4. Legalized Gambling? You Bet!

You may Gamble, too, Oscar…

Someone besides Cousin Sal (and most sports fans) is espousing the legalization of sports gambling. And that person is NBA commissioner Adam Silver, who argued in favor of it in an Op-Ed piece in the New York Times. Sports gambling is like weed: everyone’s doing it anyway, so why not regulate it and let American businesses reap the profits.

What I would have loved is if Silver had written, “While I am in favor of legalizing wagering on NBA games, I do believe that Sixers games should be taken off the board for the time being.”

5. Ford Focus

So I’m pretty lucky to work with some people who are (a lot) smarter than I am.

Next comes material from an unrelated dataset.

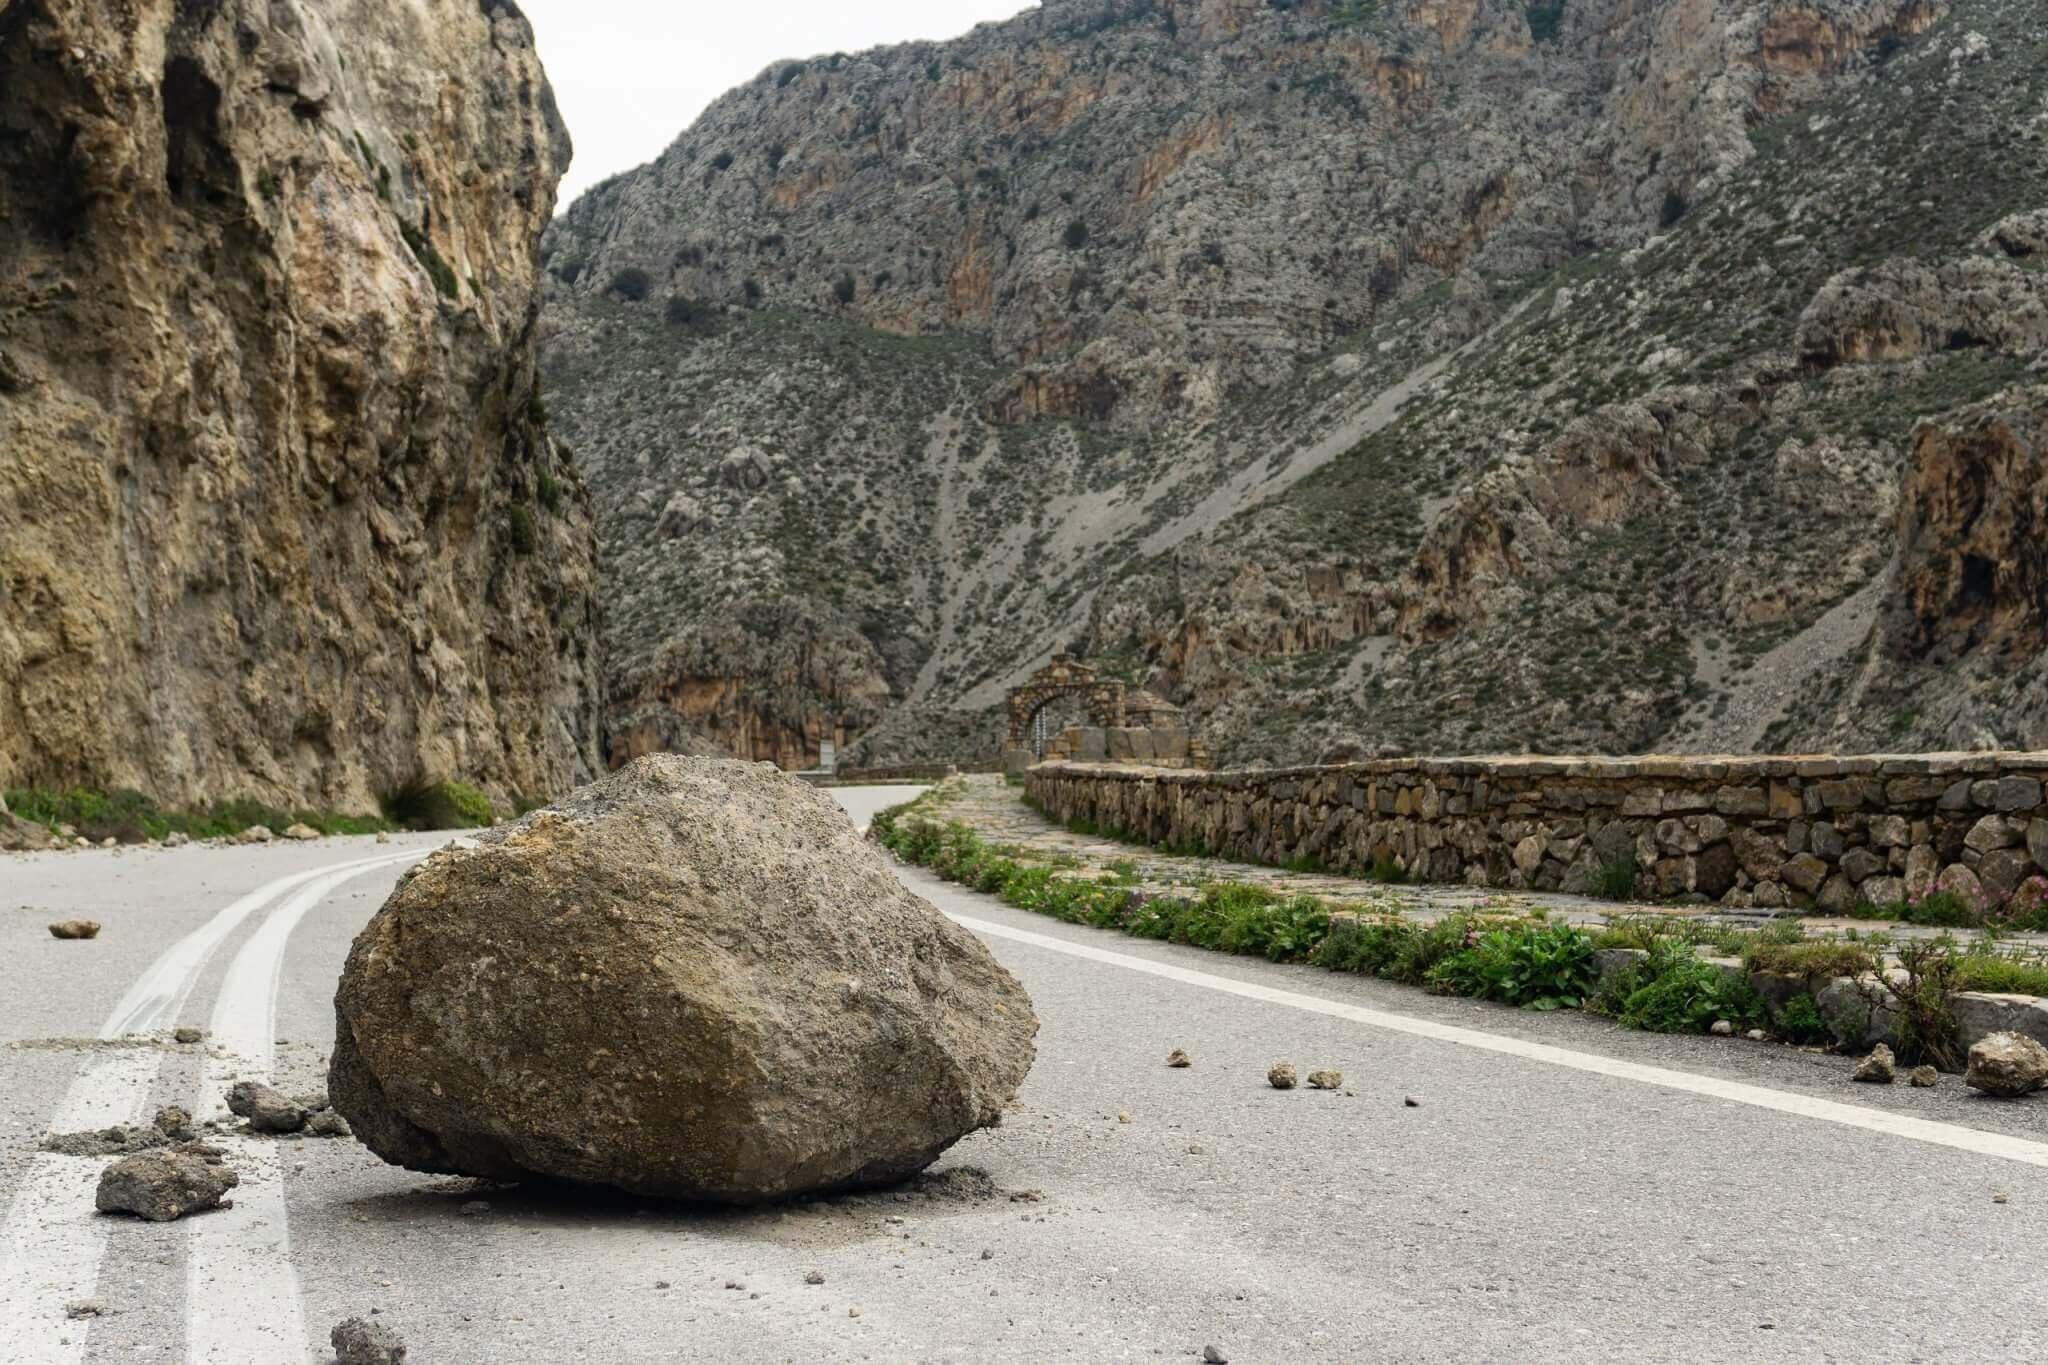 Risiko der Geldanlage als Felsen auf der Straße symbolisiert
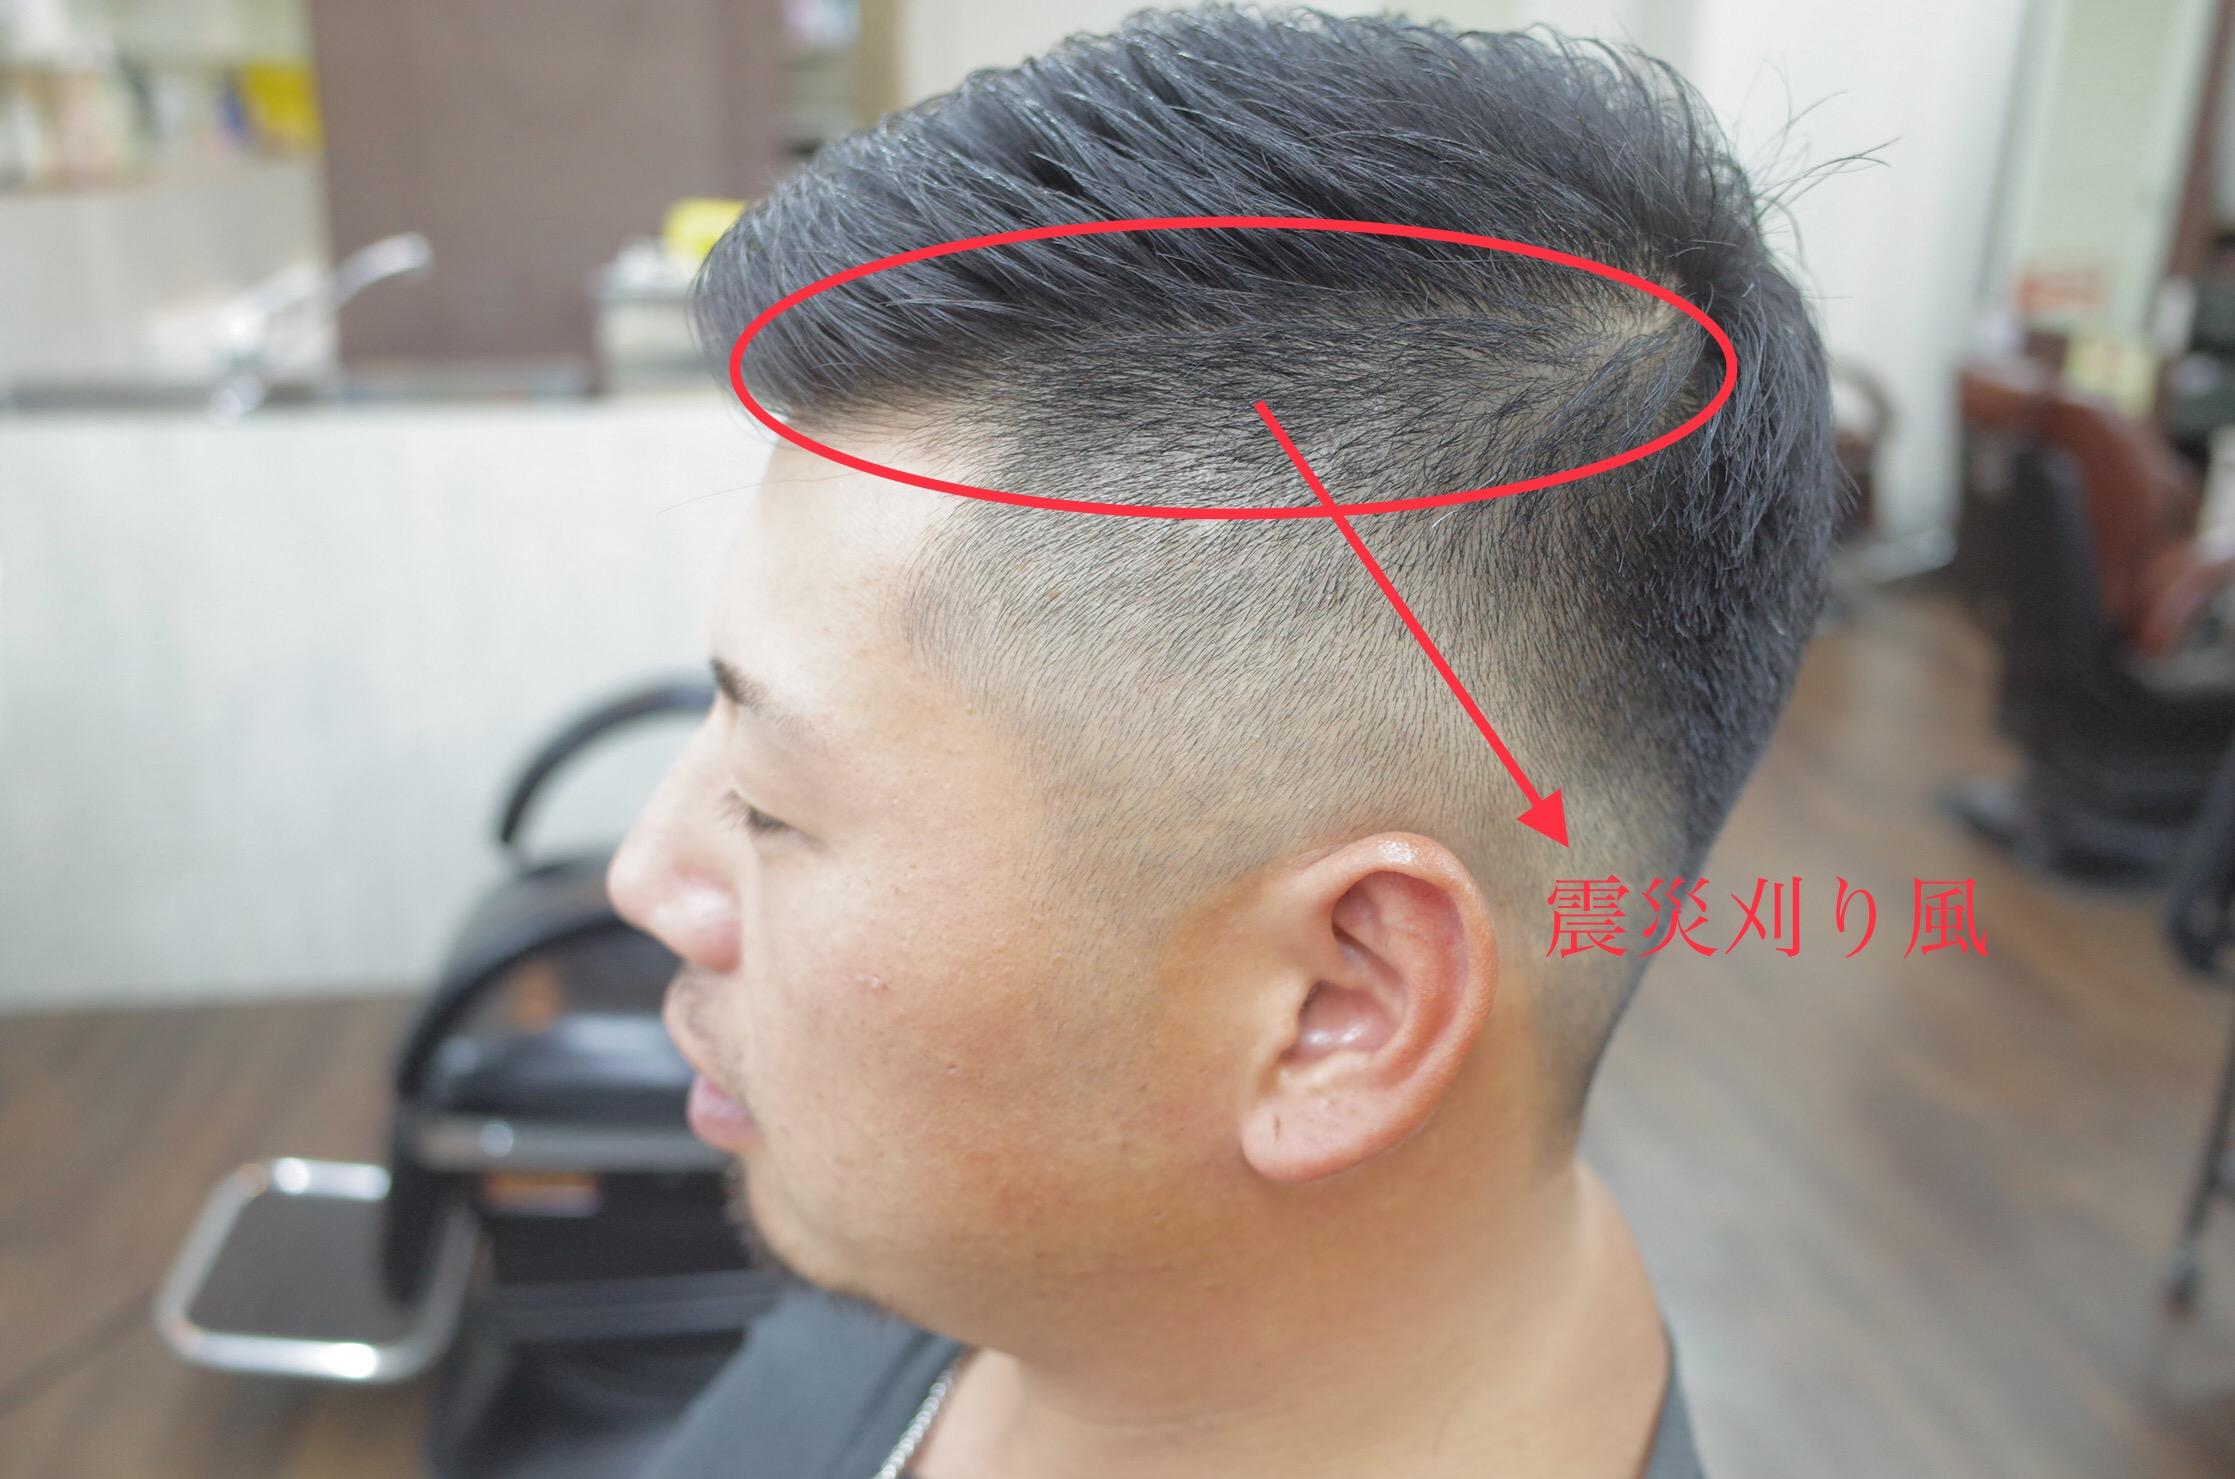 ケンコバの髪型のカットのやり方について説明する様子

Now, do they have to seat these people right next to me so that each day is a reaffirmation in abject humiliation?

And yet, I love it when Alex Nazaryan pretends to be amused or intrigued by a thought of mine, as if he isn’t Will Hunting looking at Stellen Skarsgard and asking, “Do you realize how easy this is for me?!?” (Alex, our resident polymath, did one story on Kevin Love last year and it was as good as any sports piece I’ve read all year).

Anyway, here is Alex’s profile of his favorite author not-named-Philip Roth, Richard Ford (who, incidentally, once wrote a classic work of modern American tragic fiction titled The Sportswriter).

Reserves

Newly appointed TPD chief Louis Renault

The Tallahassee Police are at it again. Thanks to the New York Times for being the booth review of every moment of their corruption. As i tweeted, sometimes I wonder if FSU’s players and the TPD are doing all of this just so that their “30 for 30” will be as good as “The U.”

****

What’s worse: Blowing a 27-point lead to lose the game or losing it like this? Kind of fun to watch the 2-man game Courtney Lee and Marc Gasol played to get Lee open.

Where in the World

Yesterday: Shiprock, New Mexico

Remote Patrol

Five Easy Pieces

TCM 10 p.m.

And make that gluten-free…

I realize I go a little heavy on TCM in this space, but unless there’s a marvelous sports event airing, I’d much rather watch some classic cinema. This 1970 film has Jack Nicholson and the most famous scene in the history of diner-server contretemps.